Of the country’s 12 million kids, he said, more than 130 are dying every day and none has access to schools. The United Nations estimates that 10 million or more Yemenis are at risk of starvation due to land, sea and air blockades, while the organization Save the Children estimates that perhaps as many as 85,000 children already have died of starvation.

Added CLINIC lawyer Lisa Parisio, “80% of the people there lack access to water, food and medicine.”

Magaña-Salgado said CLINIC is assembling a coalition of organizations, allies and advocates to campaign on behalf of the Yemeni and hopes Congress, too, will pressure DHS to do the right thing to avoid the “horrific consequences” of forcing people to return to Yemen.

Parisio suggested that people who may be at risk of losing TPS get a “legal screening” to evaluate all their options.

Of the U.S. 1990 Immigration Act that established TPS policy, Parisio said, “It is our commitment.

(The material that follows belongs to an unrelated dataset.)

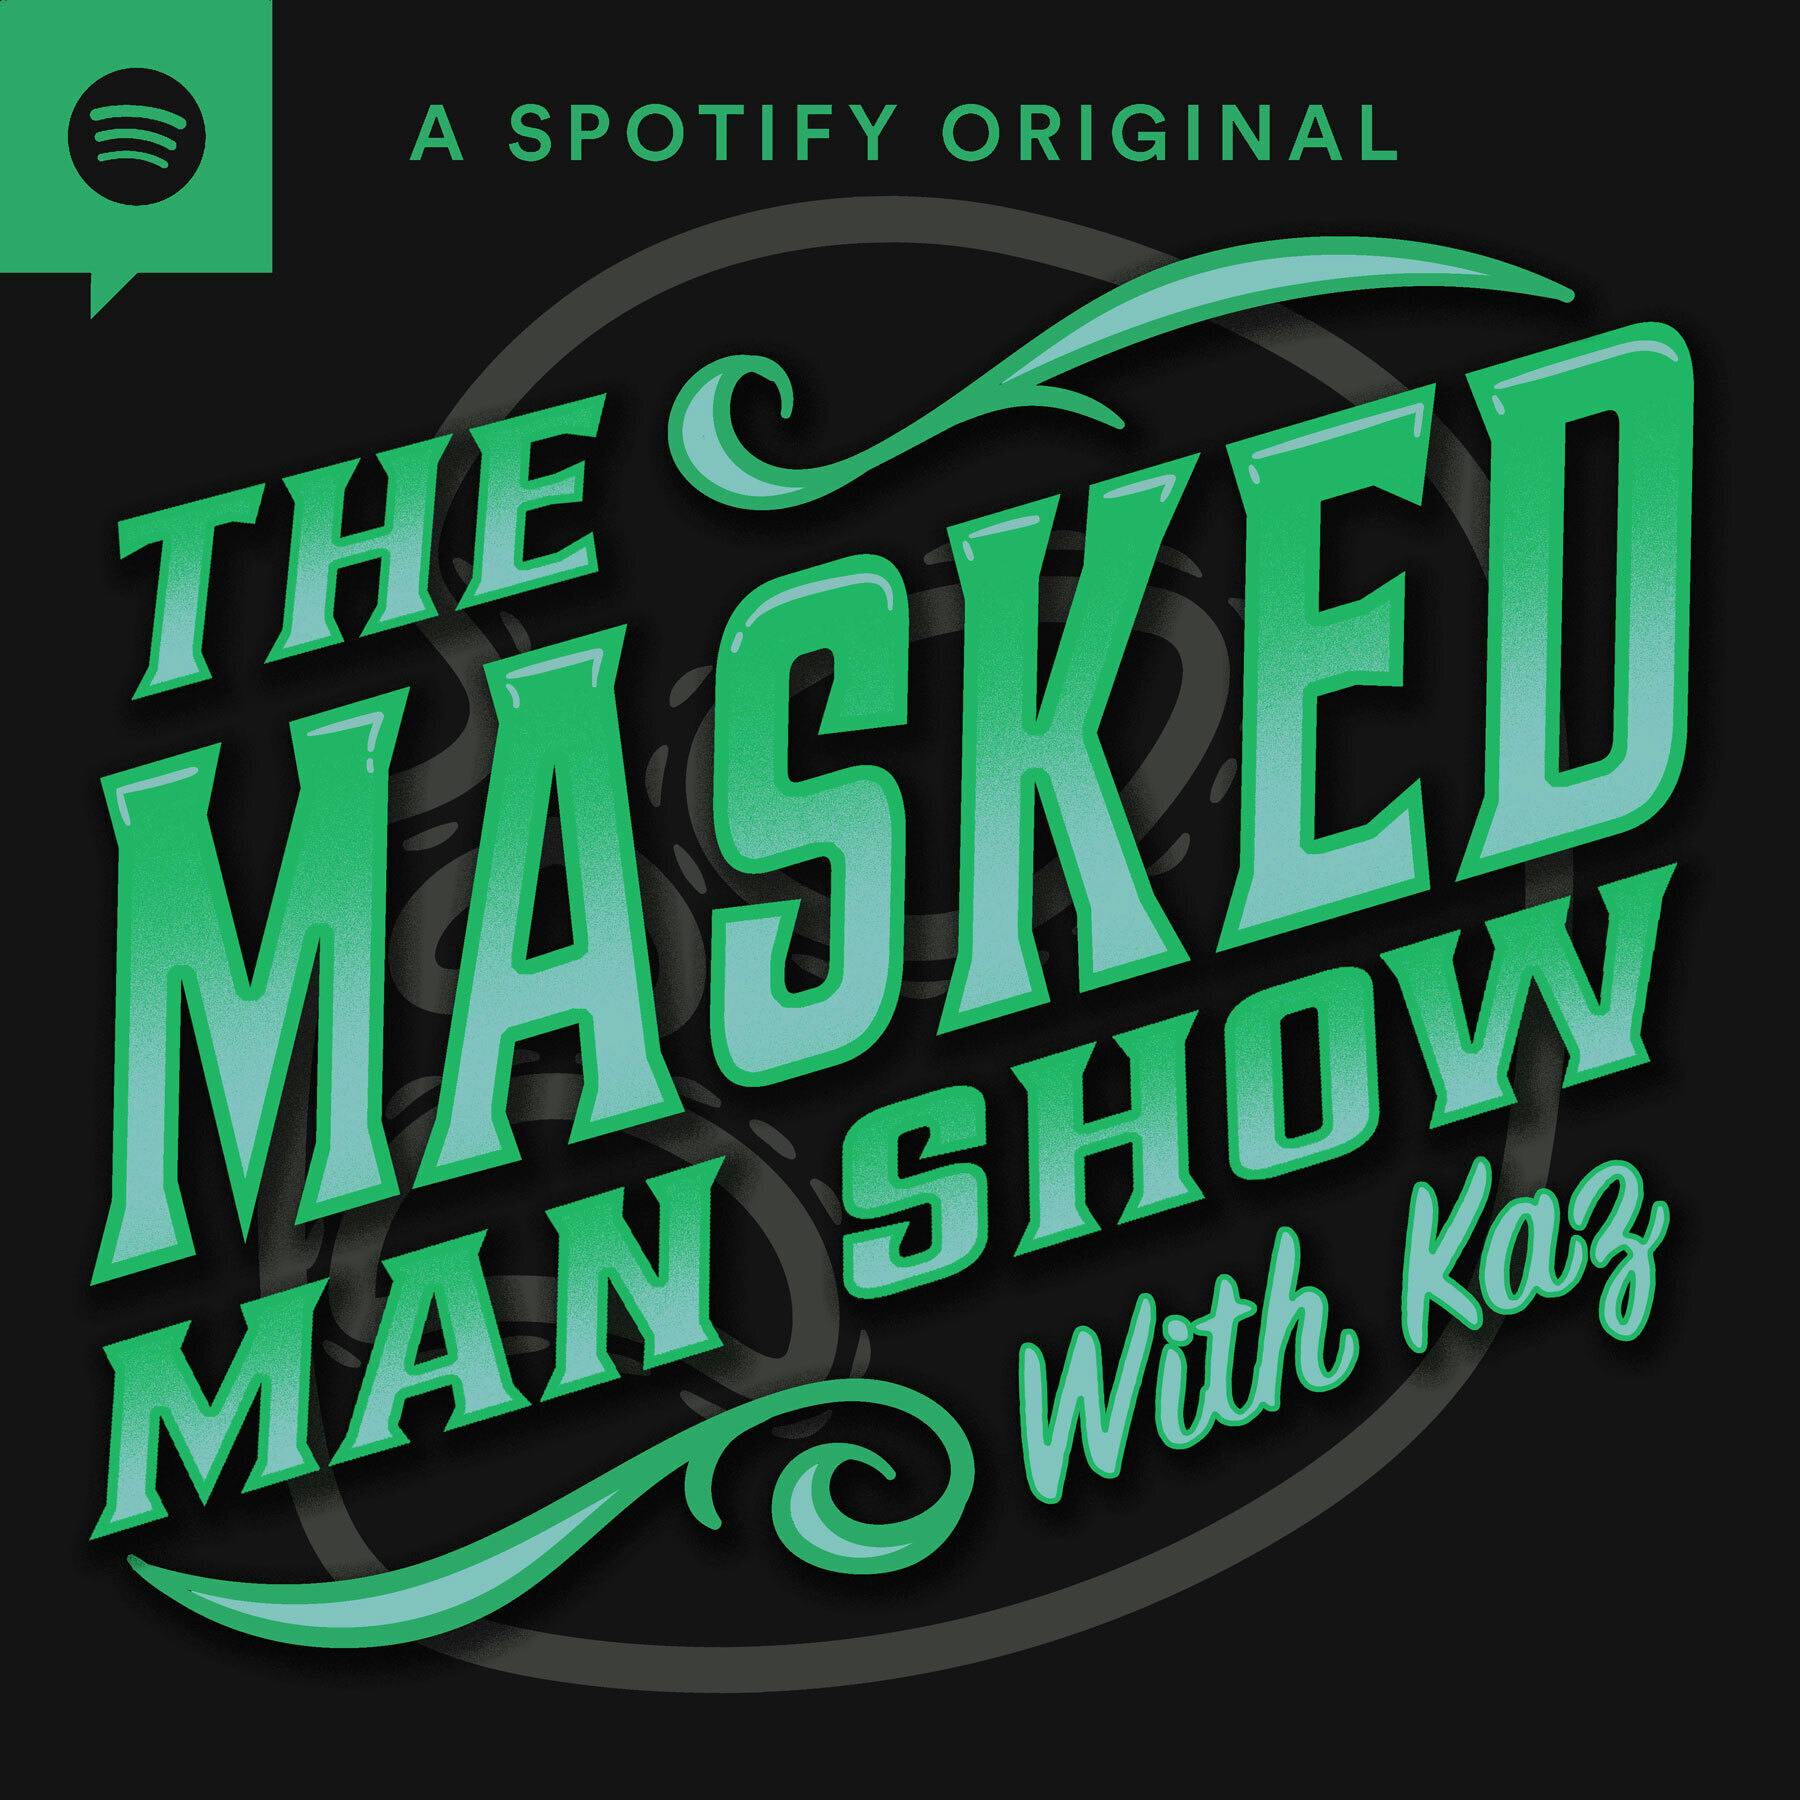 Guilty Pleasures in Pro Wrestling? Mailbag Episode of ’The Masked Man Show.’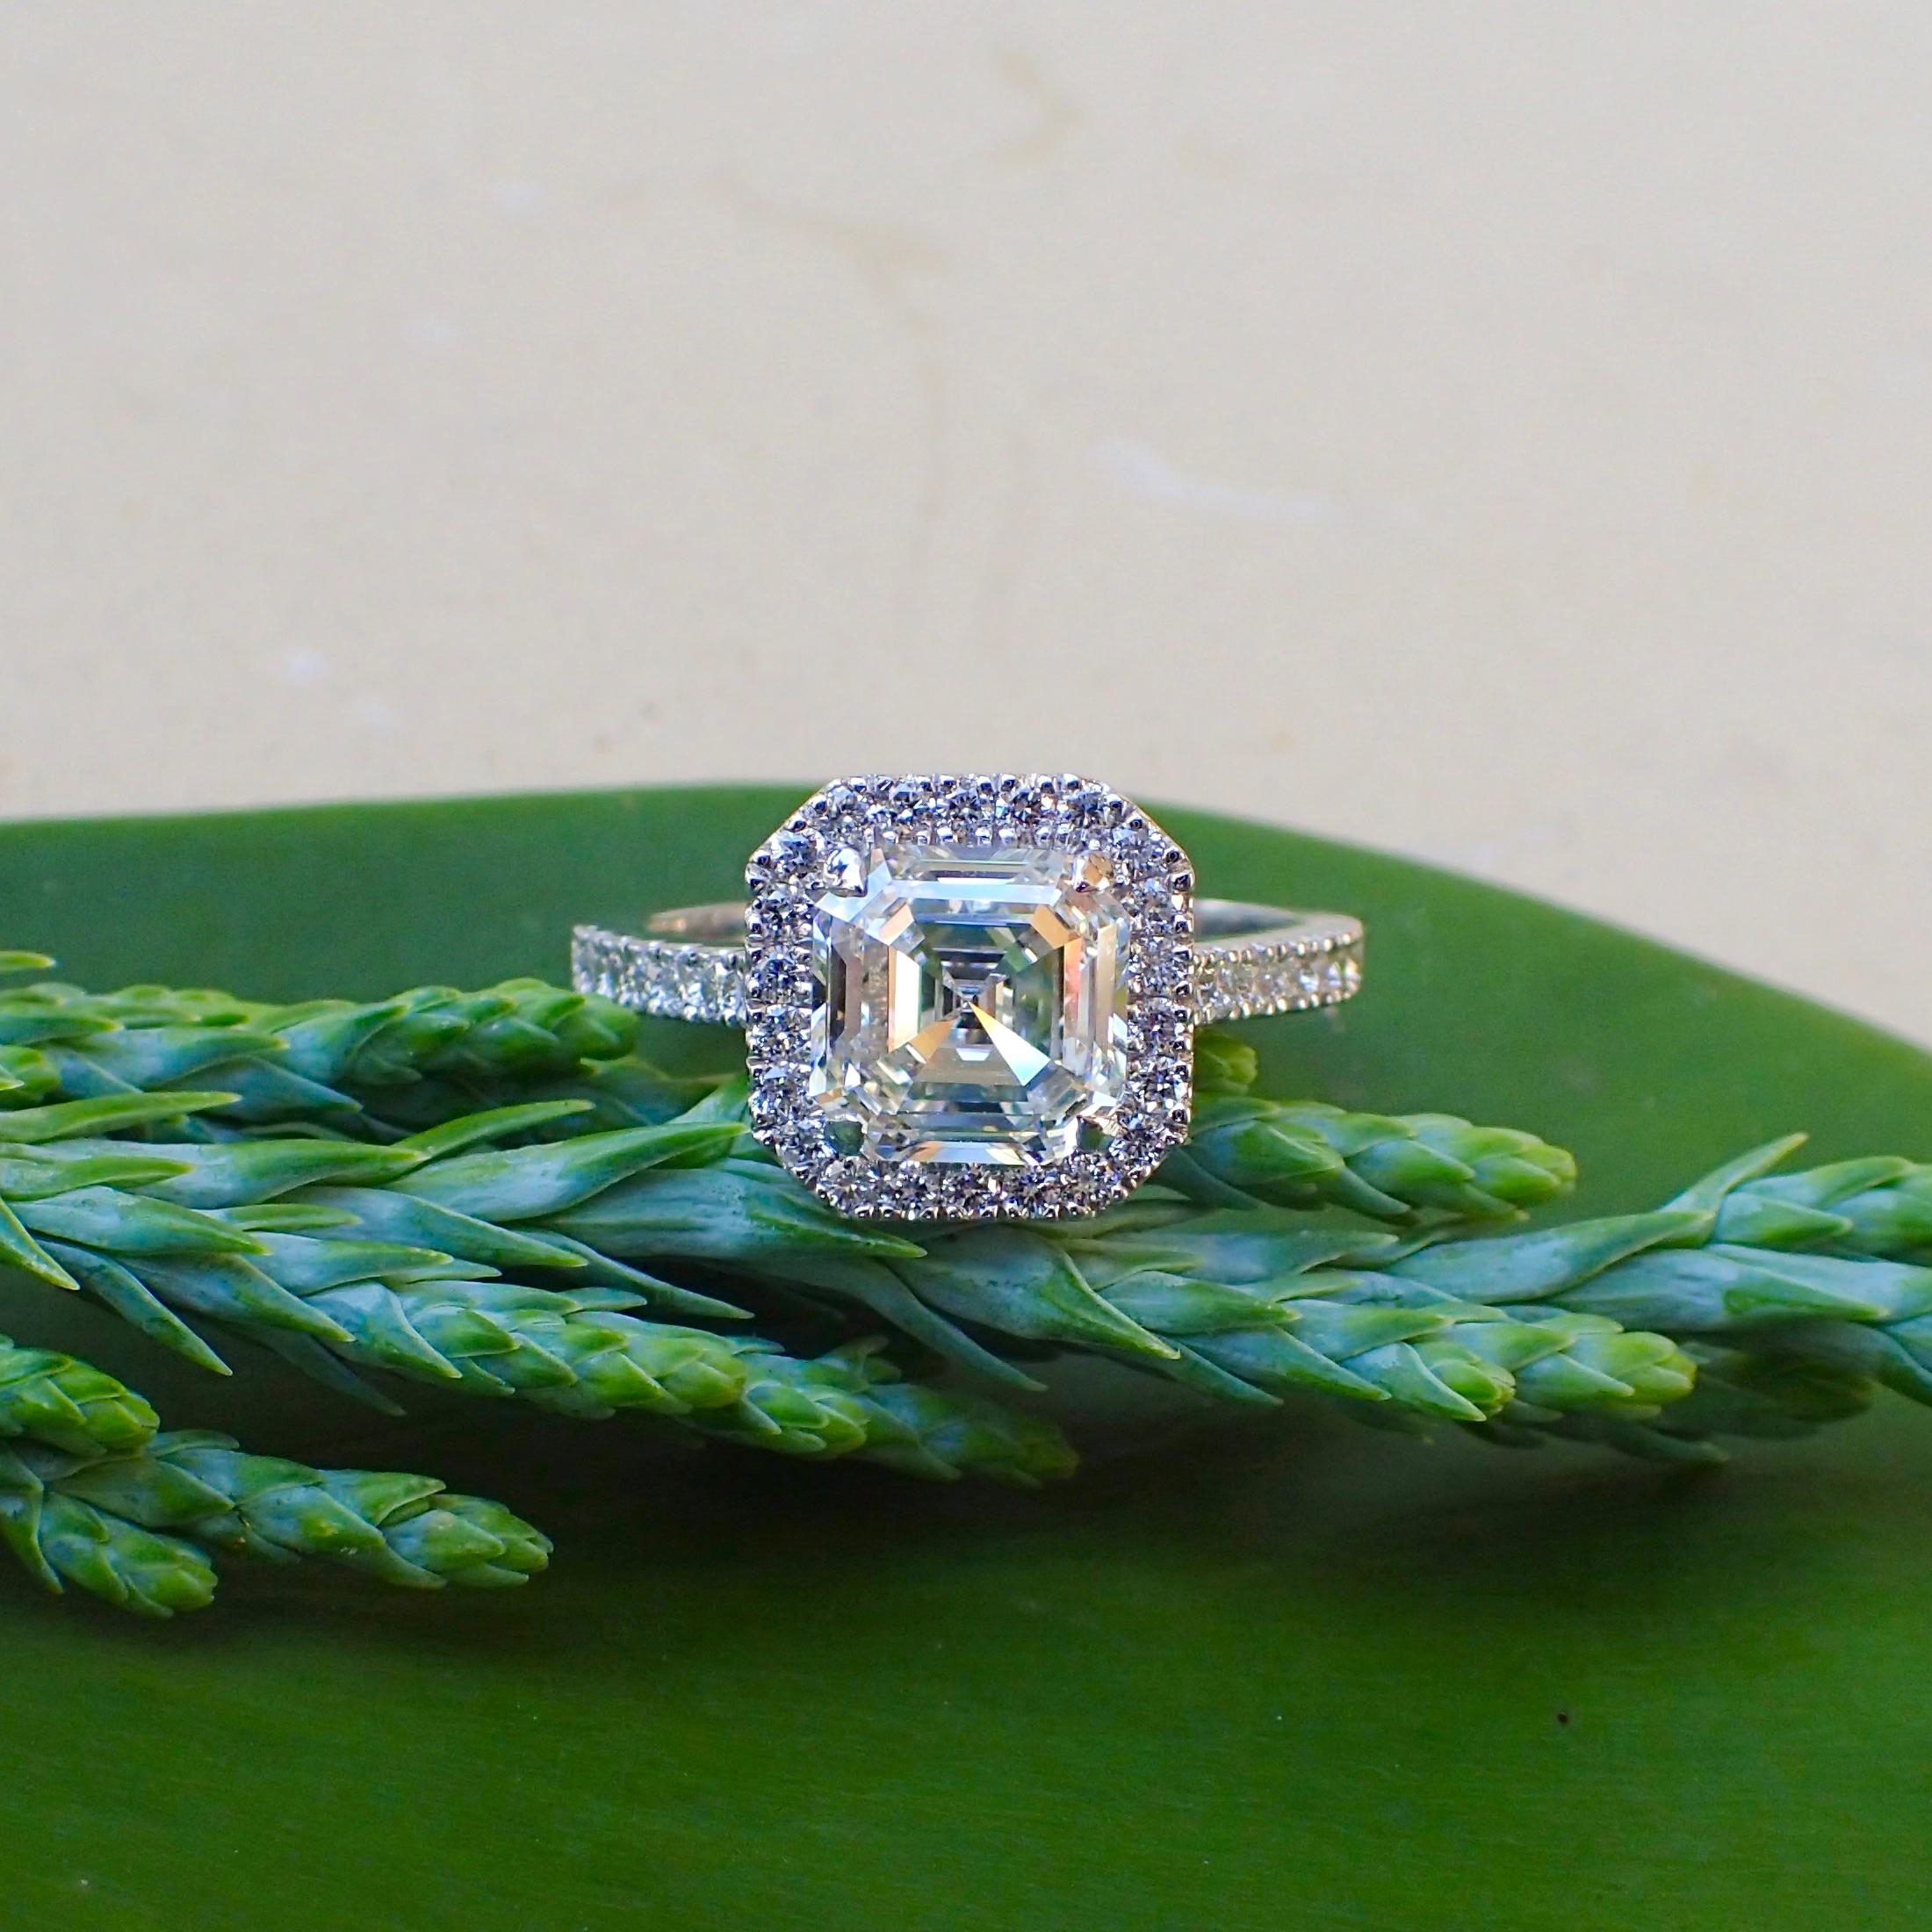 One (1) 18k white gold engagement ring contains one (1) Square Emerald Cut diamond that weighs 2.01 carats that measures 7.18 x 7.17 x 4.38mm with Clarity Grade SI1 with Color Grade G with Very Good Polish with Excellent Symmetry (see GIA Report

We will NOT return people to countries where their lives may be at risk.”

And those risks are so great, even the U.S. State Department has issued a travel advisory, she pointed out. It states that: “No part of Yemen is immune to violence.”

“An 18-month extension and re-designation is critical,” Parisio said. “Anything less would be unconscionable.”

Mark Hedin is a reporter for Ethnic Media Services. He has previously written for the San Francisco Examiner, the San Francisco Chronicle, the Oakland Tribune, Central City Extra, El Mensajero and other Bay Area papers.